# help with pricing a job



## running dummy (Mar 19, 2009)

Usually I go per drop. I've been doing a lot of office renos and I've been quoting most of them. 
This is for normal office setting with max distance around 150'

For cat5 I can get anywhere from 80-110 per drop. 

Cat6 I charge 110-130

Then I will take a step back and figure what I think it will take in material and how many man hours (2 guys 3 days, yada yada) add it up and compare. It depends on how tight you want it to be. 

Usually I bid jobs that we don't necessarily "need" so I am usually higher and it takes almost no time to write up a proposal. 

Good luck!


----------



## running dummy (Mar 19, 2009)

As a side note. 

Any extra farting around should be added on. Obviously this would include tearing out that abortion of a data closet you have there, terminating the rack, sleeving through floors, etc. 

We never provide the racks, we let the companies IT guy take care of that, we just punch down and label.


----------



## zwodubber (Feb 24, 2011)

running dummy said:


> As a side note.
> 
> Any extra farting around should be added on. Obviously this would include tearing out that abortion of a data closet you have there, terminating the rack, sleeving through floors, etc.
> 
> We never provide the racks, we let the companies IT guy take care of that, we just punch down and label.


RD, thank you for the reply. The rack, patch panel, switch are already in place so I am just running and terminating. I was in the $100 per drop area after doing some calculations so I'm glad to hear I wasn't too far off. Also I forgot to include the max run is 170'. 

As far as labor it's just me so i'm working on that pricing now.

Thanks again!


----------



## CDN EC (Jul 31, 2011)

running dummy said:


> Usually I go per drop. I've been doing a lot of office renos and I've been quoting most of them.
> This is for normal office setting with max distance around 150'
> 
> For cat5 I can get anywhere from 80-110 per drop.
> ...


Same method here, 80 a line for Cat5, 100 for Cat6 and then material and labour hourly and compare. 

The differences are significant enough; on the last 2 resi quotes for normal-sized houses I quoted $1700 something for the the one house per line, and the other one I quoted using T&M and it came out to just over $1300 for basically the exact same job. I was outbid on the $1700 (by an unlicensed contractor I might add :no and the $1300 one is still on the table.


----------



## chewy (May 9, 2010)

In fit outs like that I think we generally allow 1 hour per cable, thats cat wires, boxing out, drilling, running cable, terminating, face plates and panels, labelling then scanning. Things like tray, conduit, trunking, extensive cat wires, building racks and cabinets etc etc are charged accordingly.

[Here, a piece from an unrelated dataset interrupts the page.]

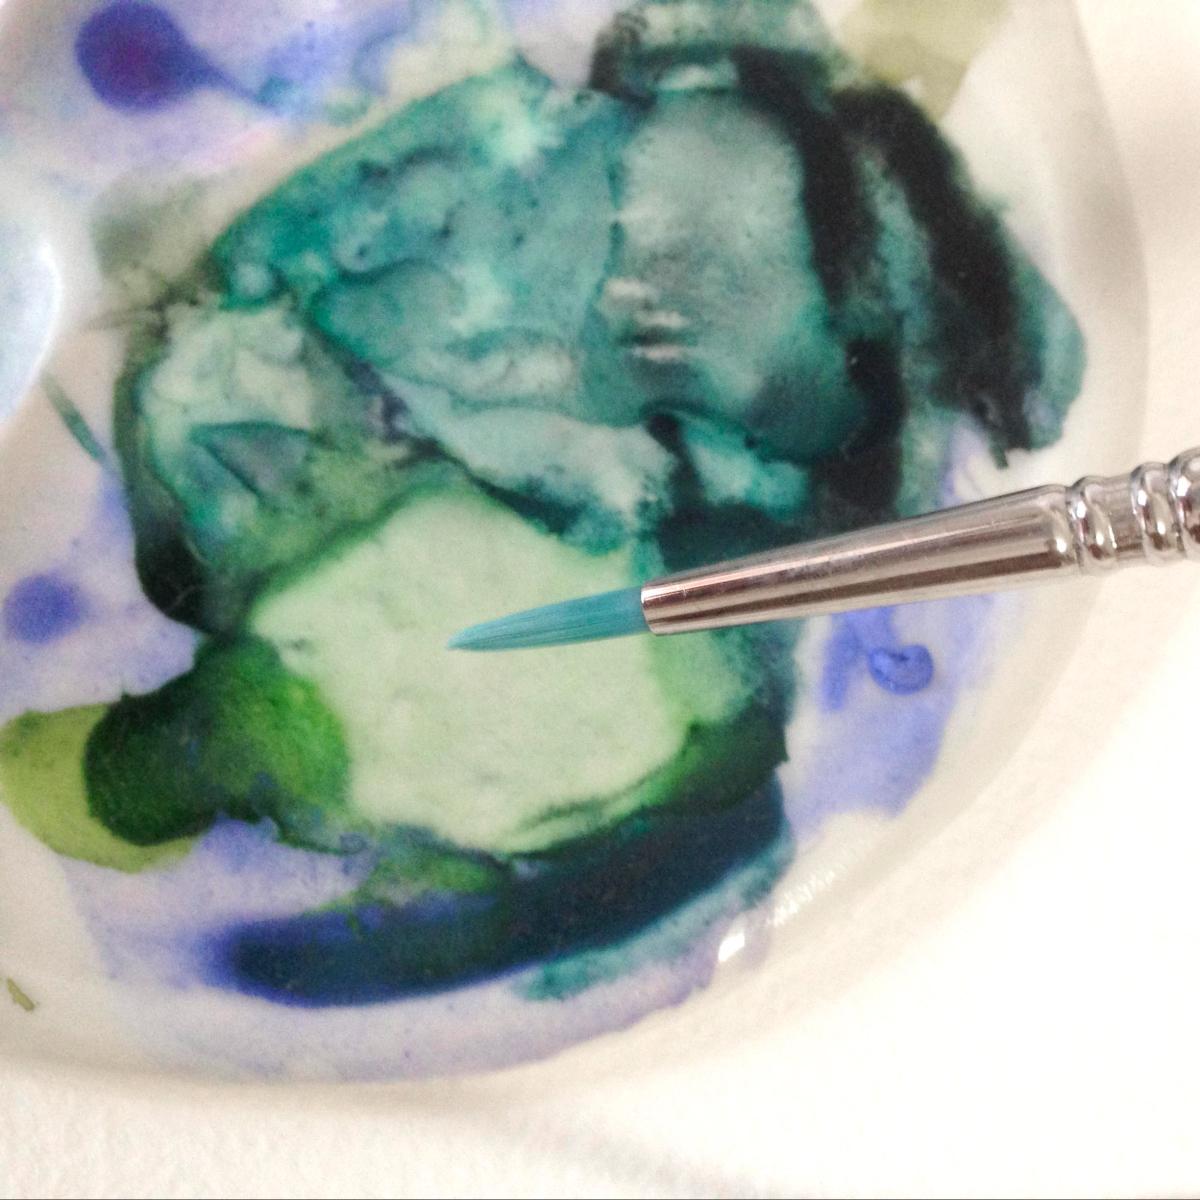 沉澱色水彩顏料 Granulating watercolor

My company is good, I get a job for 24 switch ties, 30m run from panel to cabinet, 8hrs to do it in. It takes me 5hrs so I get to go home early and still book 8hrs.


----------



## zwodubber (Feb 24, 2011)

Thanks for the replies guys :thumbup:


----------



## jeffmoss26 (Dec 8, 2011)

I am assuming the pulls for the cubes will go through the ceiling, and the drops through the floor go elsewhere?


----------



## zwodubber (Feb 24, 2011)

jeffmoss26 said:


> I am assuming the pulls for the cubes will go through the ceiling, and the drops through the floor go elsewhere?

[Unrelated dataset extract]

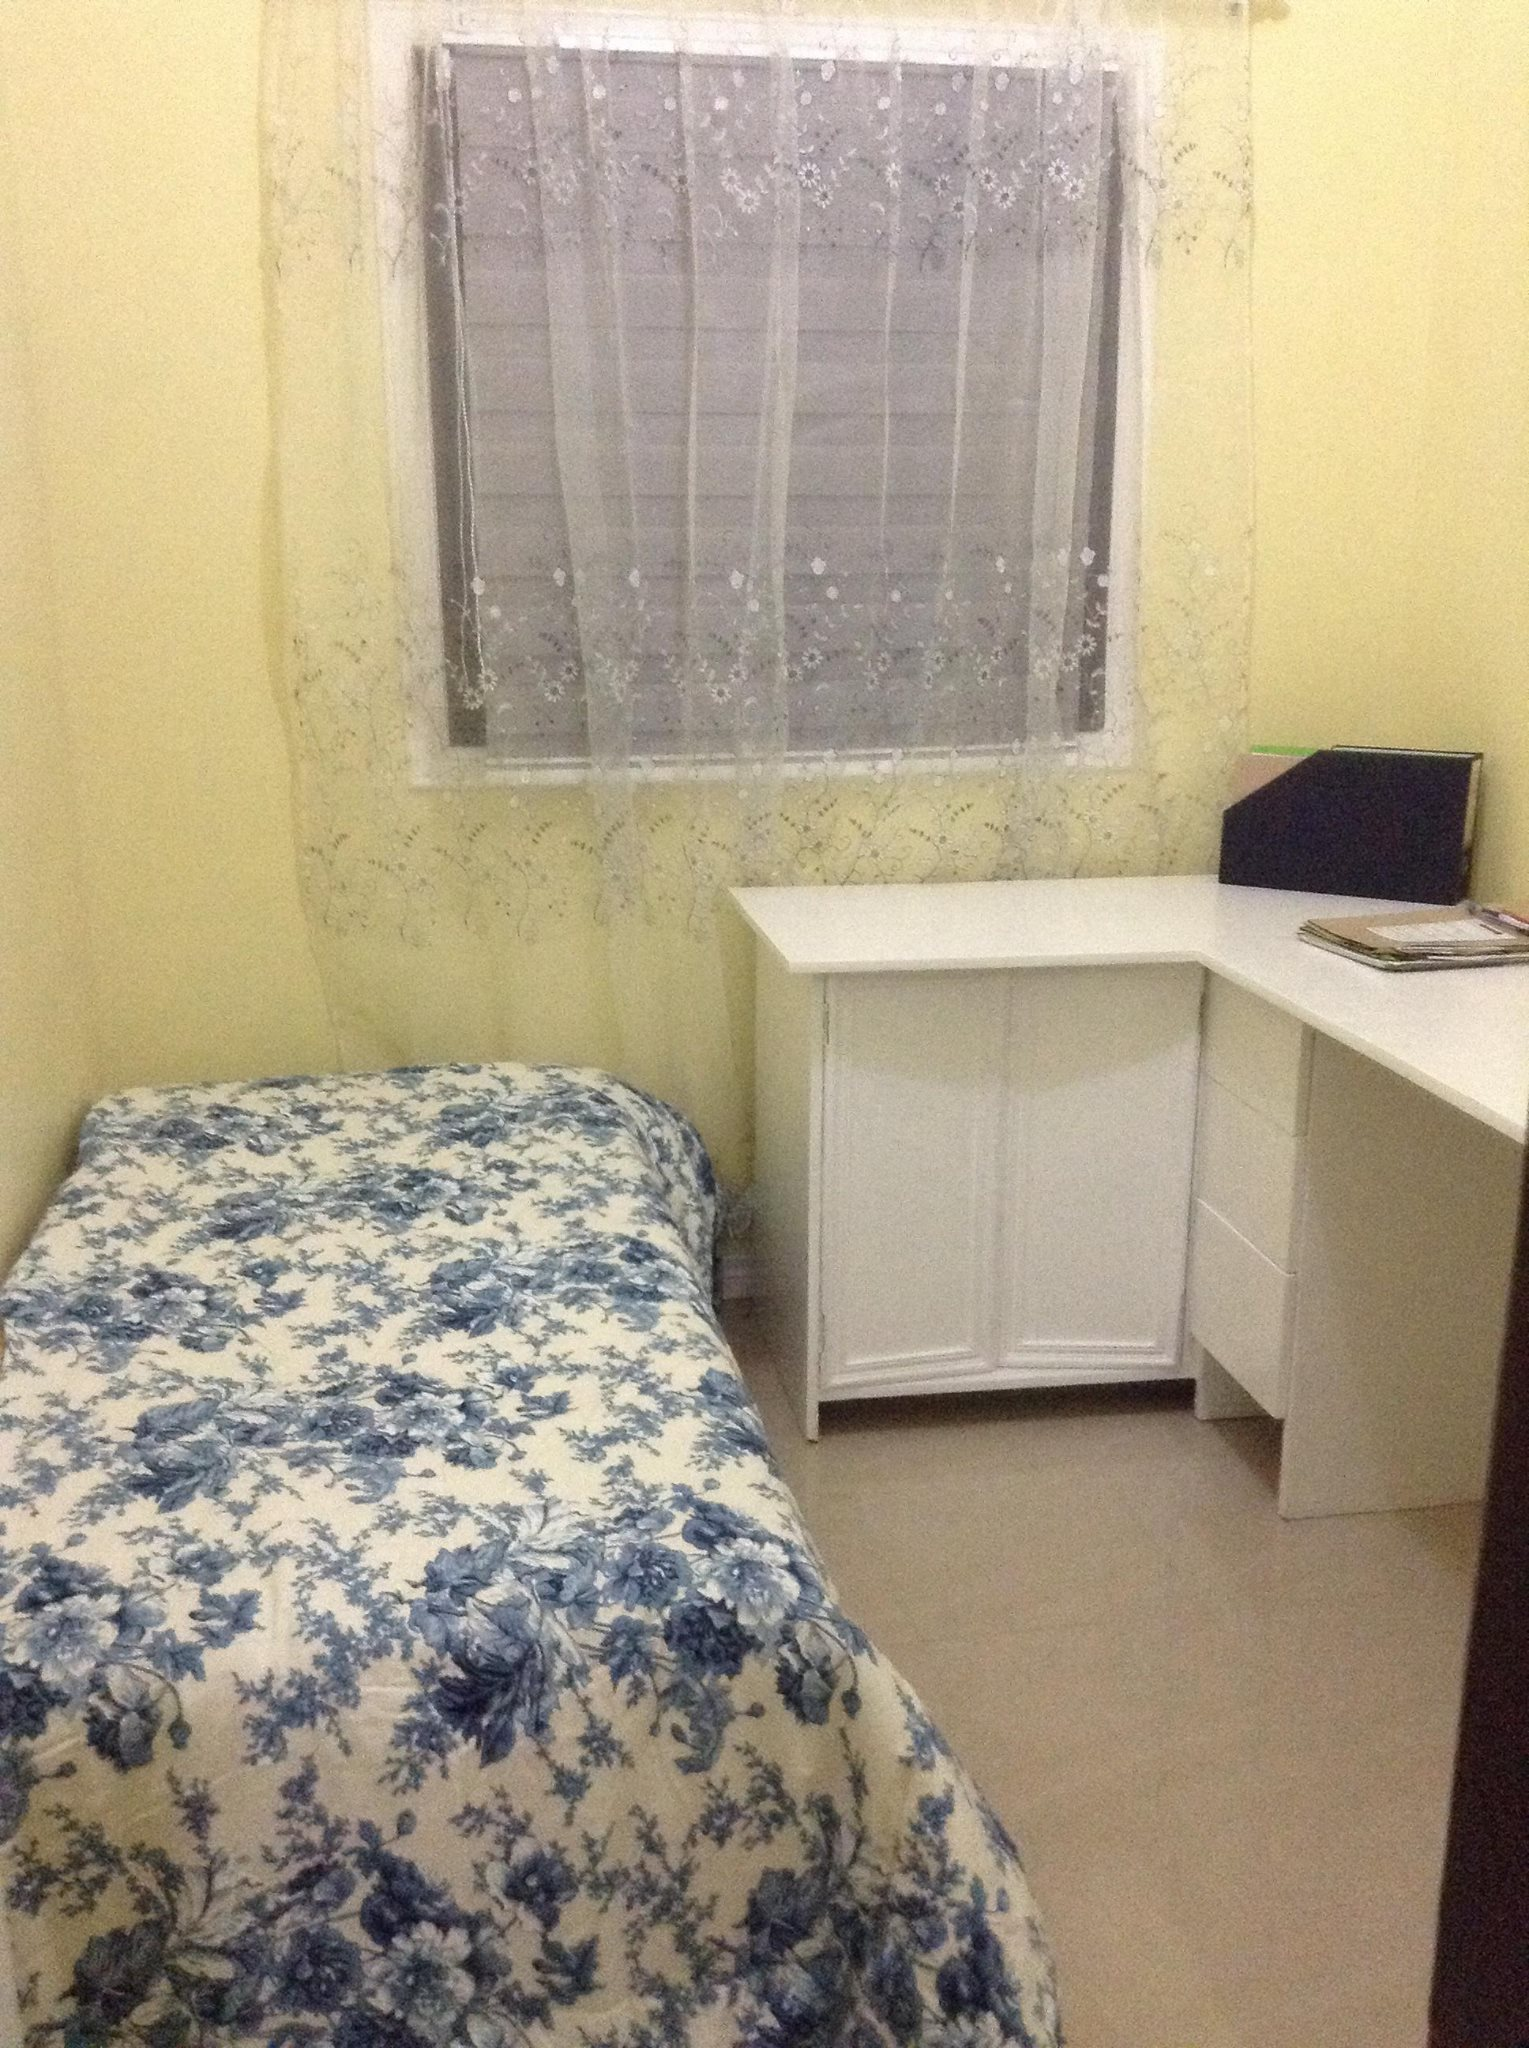 Aspen Cambridge Bedroom Set House For Assume Fully Furnished 3br In Grace Park

Yes, Cubicles are through the ceiling and there will be four jacks in the floor


----------



## Bbsound (Dec 16, 2011)

We don't do much data, but I know of a data contractor that does all the data for a very large healthcare group. They get $175 a drop.


----------



## jeffmoss26 (Dec 8, 2011)

PVC or Plenum?


----------



## zwodubber (Feb 24, 2011)

jeffmoss26 said:


> PVC or Plenum?


Plenum, there is a chase way about 3 feet tall in the basement. Going to stub a pipe through the floor in the data room and run through the chase.


----------



## zwodubber (Feb 24, 2011)

Here is a pic of the current wiring in the basement coming from the data room. The wall to the left has the chase way behind it and that is where I will run the cable. They were too lazy and just attached it to the easiest place I guess.


----------



## zwodubber (Feb 24, 2011)

We got this job along with replacing 200 florescent lamps, adding some panels, receptacles etc...

I also have to remove the existing music/intercom system :thumbup:


----------



## Sparky J (May 17, 2011)

Good to hear you got the job. What was you decision per drop price wise?


----------



## zwodubber (Feb 24, 2011)

Sparky J said:


> Good to hear you got the job. What was you decision per drop price wise?


I'm not sure what he went with but I said $90 per drop / 5 days labor due to cleaning out that rats nest. I gave him a material list also.

I'll be talking with him tomorrow to see what he gave them.

I did not know he was bidding all the electrical also so he may have done some kind of bundle deal.


----------



## LARMGUY (Aug 22, 2010)

zwodubber said:


> Here is a pic of the current wiring in the basement coming from the data room. The wall to the left has the chase way behind it and that is where I will run the cable. They were too lazy and just attached it to the easiest place I guess.


Don't use tie wraps for CAT5. Use Velcro, and a cable comb.

http://www.youtube.com/watch?v=-cFToZt_KzI

















Oh, by the way, the electricians are here installing the new outlet you wanted.


----------



## chewy (May 9, 2010)

LARMGUY said:


> Don't use tie wraps for CAT5. Use Velcro, and a cable comb.
> 
> http://www.youtube.com/watch?v=-cFToZt_KzI


Belden and Commscope Systimax are cool with us using zip ties and warranty our work. I have never had an issue caused by zip ties on cables, 5e through to pre terminated fibre. The stupid thing is people velcro to basket tray, the weight of the cables onto 3.5mm steel rods is going to be probally the same as a correctly tensioned tie.


----------